Public opinion surveys indicate that 80% of the people surveyed feel they have lost control of their personal data.
Cookies used in e-commerce make it easier to provide the benefits of e-commerce, but also allow commercial entities to track activities of users on the internet.
An area of growing concern is surveillance of internal e-mail by businesses. Businesses justify the surveillance on the basis that they seek to maintain the integrity of their systems and to preclude the use of those systems for improper conduct (sexual harassment, etc.). It is thought the problems with workplace privacy will grow as more workers telecommute. At present, the balance of power in this area resides with the employers.
With the miniaturization and sophistication of computers, it is anticipated that microchips will be put into more products. Ultimately, this may lead to the ability to better track individuals. An example of such tracking was the use of cameras at the recent Super Bowl to photograph all the entrants to the game and to immediately scan faces with facial recognition software to locate criminals. The process developed identification on approximately twenty "wanted" individuals. None of them were caught.
A tour of HealthCentral.com provided an example of how a profile of an individual can be built from recording the types of information that the individual accesses on a web site. Mr. Smith also described to the Task Force the concept of a "web bug." These are devices that can located on web pages that allow marketing organizations to follow internet users beyond the particular web page where data is being collected.
Mr. Smith predicted that ultimately, economics will create pressures on the web economy that will allow for the actual matching of data collected on the internet with identities of individuals. Online usage will ultimately turn into more direct marketing. Mr. Smith expressed concern that these steps will lead to the loss of confidentiality and identity.
Ms. Krause raised the question as to whether the concern for privacy is, in part, a function of age with older citizens being more concerned about privacy and loss identity than are younger citizens who are more familiar with information technology. Members of the Task Force acknowledge that this may well be the case.

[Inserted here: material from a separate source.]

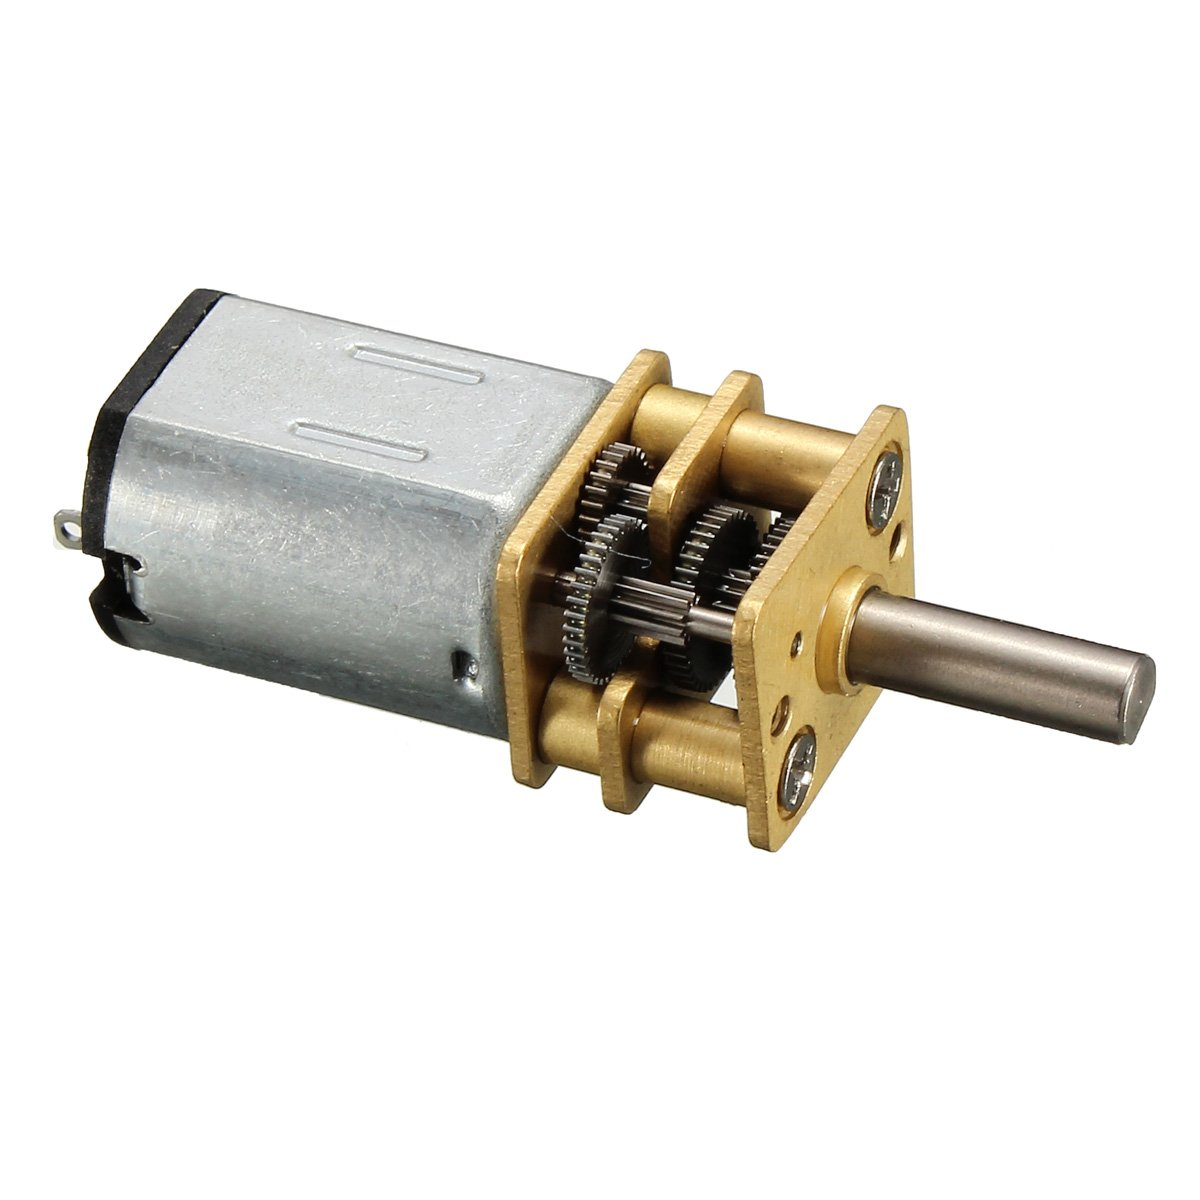 N20-3V-200 RPM Micro Metal Gear-box DC Motor

Mr. Smith was asked if there are products that can block cookies and he indicated that such products are available, but difficult to access or use. Mr. Guthrie indicated that there is an enormous amount of law available to protect individuals, but question whether it is being utilized. He also noted that consumers can take action to not participate in order to preserve their anonymity.
The Task Force members thanked Messrs. Keating and Smith for their valuable input.
The Task Force then discussed the date for its next meeting and the topics. It was agreed that the meeting would be conducted on March 15 or March 16, 2001. Among the topics that the Task Force would like to consider are:
Results of the questionnaire sent by Governor Owens to state departments and agencies regarding the collection of personal information.
A discussion period to consider the information provided during the course of the meeting on February 16, 2001.
A discussion of the process that will be employed by the Task Force to create the report to the legislature.
There being no further business to come before the Task Force, the meeting was adjourned at 5:15 p.m.